Each year we scan the National Resident Matching Program results to see how our community-based family medicine residency program performed in the match. The data over the last five years has told a consistent story: Across the country family medicine has undergone a steady decline in numbers. According to AAFP figures, the 1,132 U.S. medical school graduates who matriculated to family medicine in 2006 represent a 25 percent decline from 2001.1 Over that same time there has been a concomitant increase in the number of medical students who elect for training in subspecialty programs.
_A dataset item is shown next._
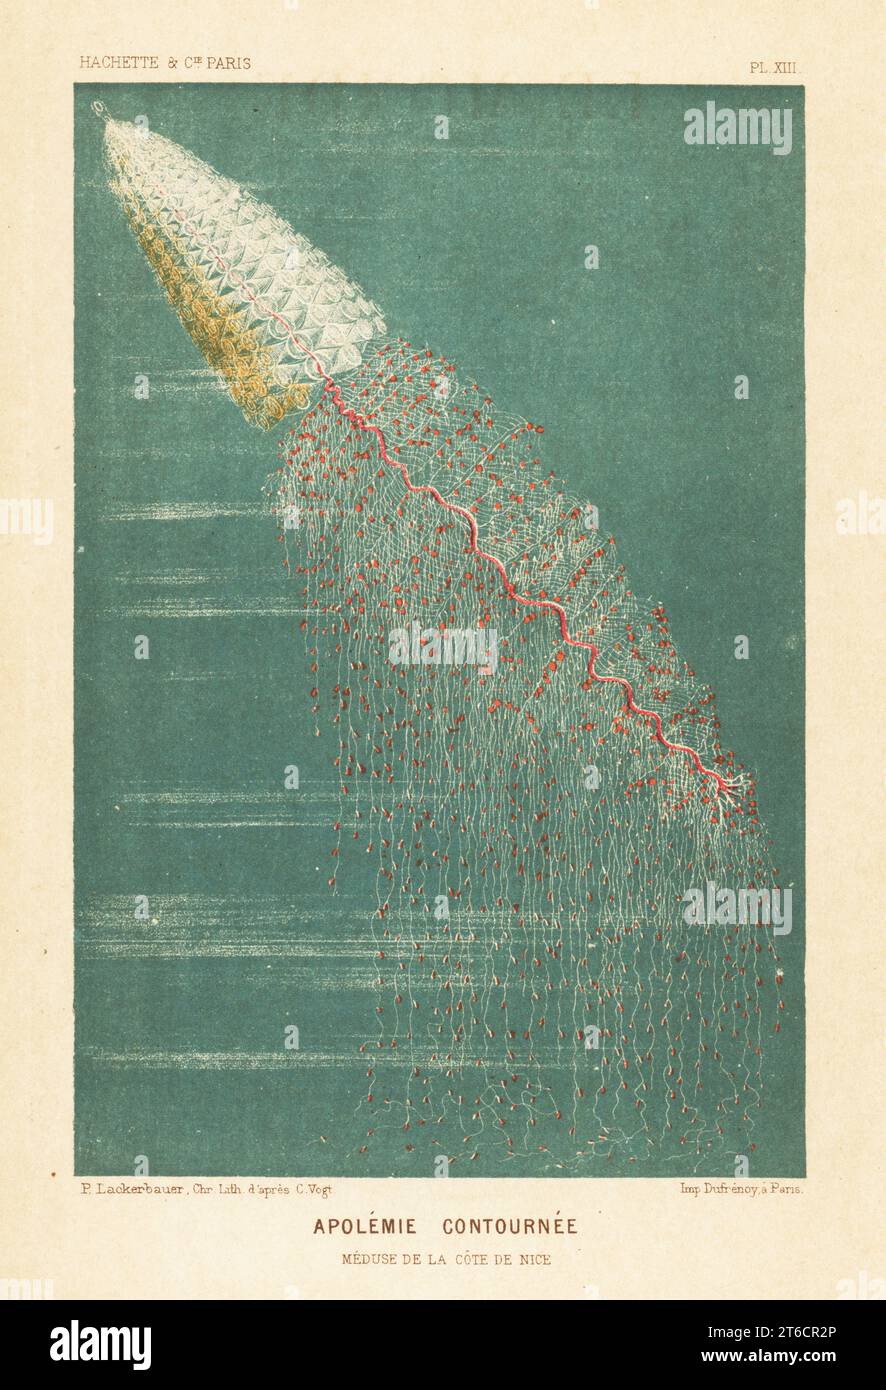 Siphonophore or string jellyfish, Apolemia contorta, from the Mediterranean coast off Nice. Apolemie contournee. Zooid, or floating colony of polyps and medusoids. Meduse de la cote de Nice. Chromolithograph by Pierre Lackerbauer after Carl Vogt from Alfred Fredols Le Monde de la Mer, the World of the Sea, edited by Olivier Fredol, Librairie Hachette et. Cie., Paris, 1881. Alfred Fredol was the pseudonym of French zoologist and botanist Alfred Moquin-Tandon, 1804-1863. Stock Photo

Several theories have attempted to explain the demographic shift. One leading theory is that the growing financial burden associated with physicians' training is pushing more young physicians into the higher-paying subspecialized fields of medicine. The Association of American Medical Colleges estimates that the cost of private medical schools has risen 165 percent and the cost of public medical schools has gone up 312 percent over the last 20 years.2 A similar study by the American Medical Association found that medical school costs have increased substantially more than the Consumer Price Index.3 The result is often significant educational debt. In 2006, more than 62 percent of medical school graduates carried $100,000 or more in educational debt.4 Given this unprecedented set of financial burdens, it is easy to understand why young physicians would gravitate toward areas of medicine that are more highly remunerated or offer less call and more attractive lifestyles.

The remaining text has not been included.